It’s starting to feel like white people are in a competition to see who can have the worst take during this period of social upheaval. Today’s contestant is Travis Yates, a major in the Tulsa Police Department who has come under fire after going on a podcast and making some truly wild comments.
According to the Hill, Yates went on The Pat Campbell Show and said police officers are shooting black people “24 percent less than we probably ought to be.”
That, uh…that’s gonna be a big yikes for me, dog.
Yates was on the podcast to discuss the nationwide protests against police brutality that have occurred in recent weeks. Obviously, he is not a fan.
From The Hill:
Yates, in the podcast, knocked the protests that have erupted nationwide following Floyd’s death and the subsequent arrest of the officers involved.
“The officer was arrested the next day. They were prosecuted, they were fired. What are you doing? What do you mean, ‘justice?’ Justice at this point has been done,” Yates said on Monday. “Well, then it turned into systematic racism, systematic police brutality.”
“This is what they’re trying to say that all these changes need to come from: this is why we’re protesting, this is why we’re rioting. Because of systematic abuse of power and racism.

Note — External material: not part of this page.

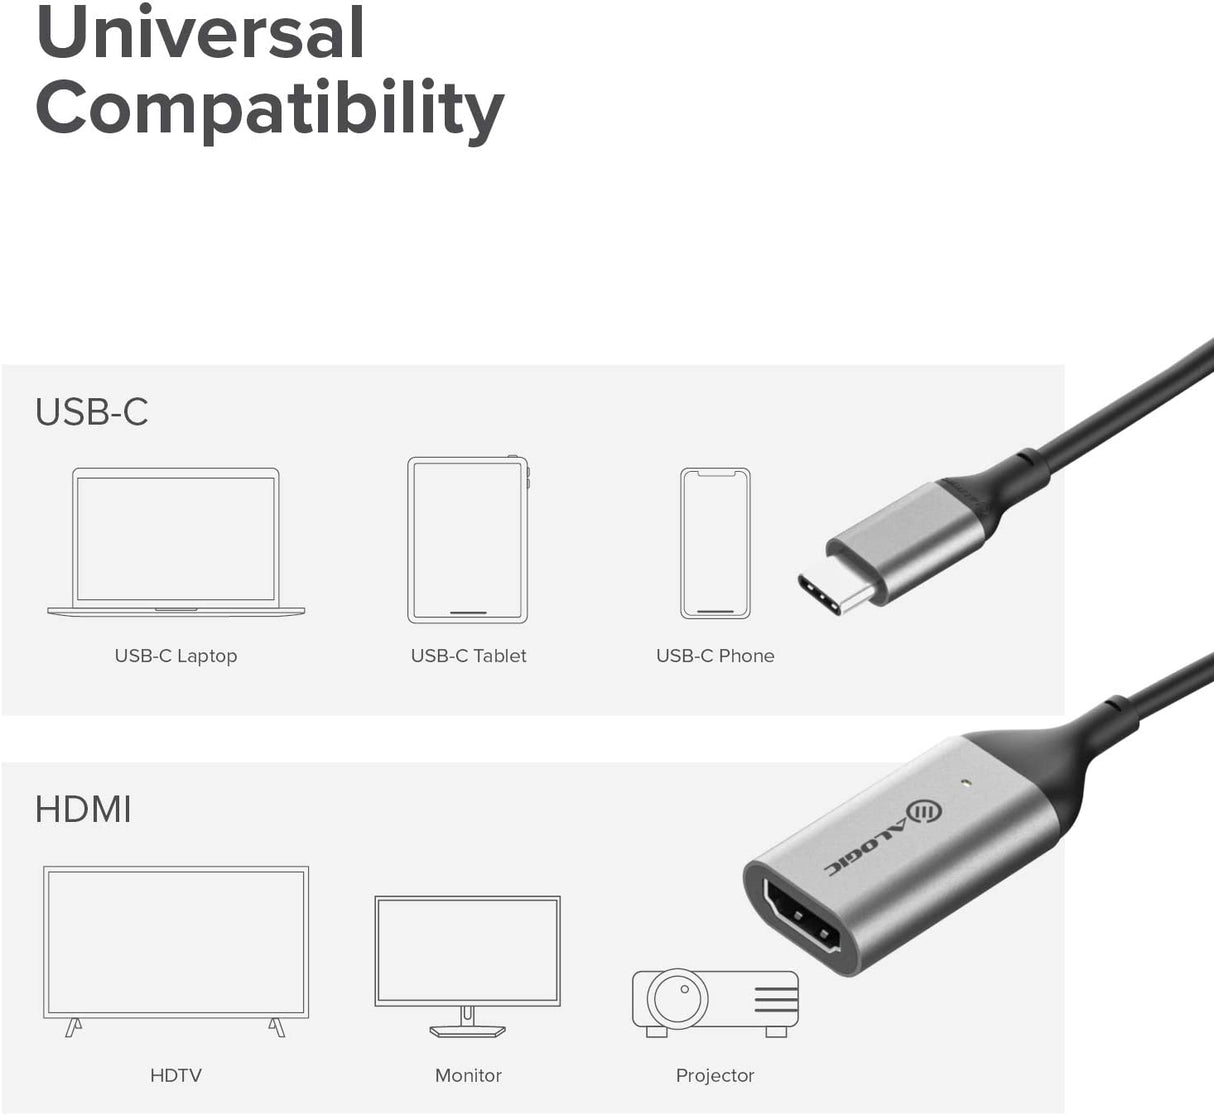 ALOGIC USB C to HDMI Adapter, Supports HDMI 4K 60Hz (Thunderbolt 3 Compatible) for MacBook Pro, MacBook Air, iPad Pro/Air 2020, Pixelbook, XPS, Galaxy, and More - Dealtargets.com

That just doesn’t exist,” he added.
After rightfully being called out for his headass comments, Yates wheeled out the “taken out of context” defense that white people have grown so fond of in recent years. “I never said ‘actually.’ This is plainly false and factually inaccurate. And to think that beyond a discussion of comparative statistics that I would suggest that the ‘police should actually be shooting’ anyone is simply outrageous.” Yates said in a statement to KTUL in Tulsa.
This isn’t the first time Yates has said some truly egregious shit. “Would we even know where Ferguson was if Michael Brown would have simply got out of the street like the officer had asked him to do?” Yates asked in a 2016 essay entitled “Follow Commands or Die.” “Can anyone produce me a video of a police officer telling someone to do something, they comply and then the officer just shoots them. Can you imagine that video?” Yates goes on to ask in the essay. Literally a week after he wrote this, Charles Kinsey was shot by a Miami police officer while laying on the ground with his hands up. Only a few months later, one of Yates’ fellow officers in the Tulsa Police Department shot and killed Terrance Crutcher while he was standing in the middle of the street with his hands up.
It doesn’t appear Yates will face any disciplinary action for what he said. Tulsa Police Capt. Richard Meulenberg was seemingly indifferent when asked by Public Radio Tulsa about Yates’ comments.
“Everybody’s got a right to their opinion. Obviously, he being a major with the Tulsa Police Department, it carries some weight that he has his opinion, and we’ll have to just kind of go through this. I mean, I can’t speak upon the thing that he talked about here because I don’t have the data. I can’t refute or substantiate what it is that he said here,” Meulenberg said.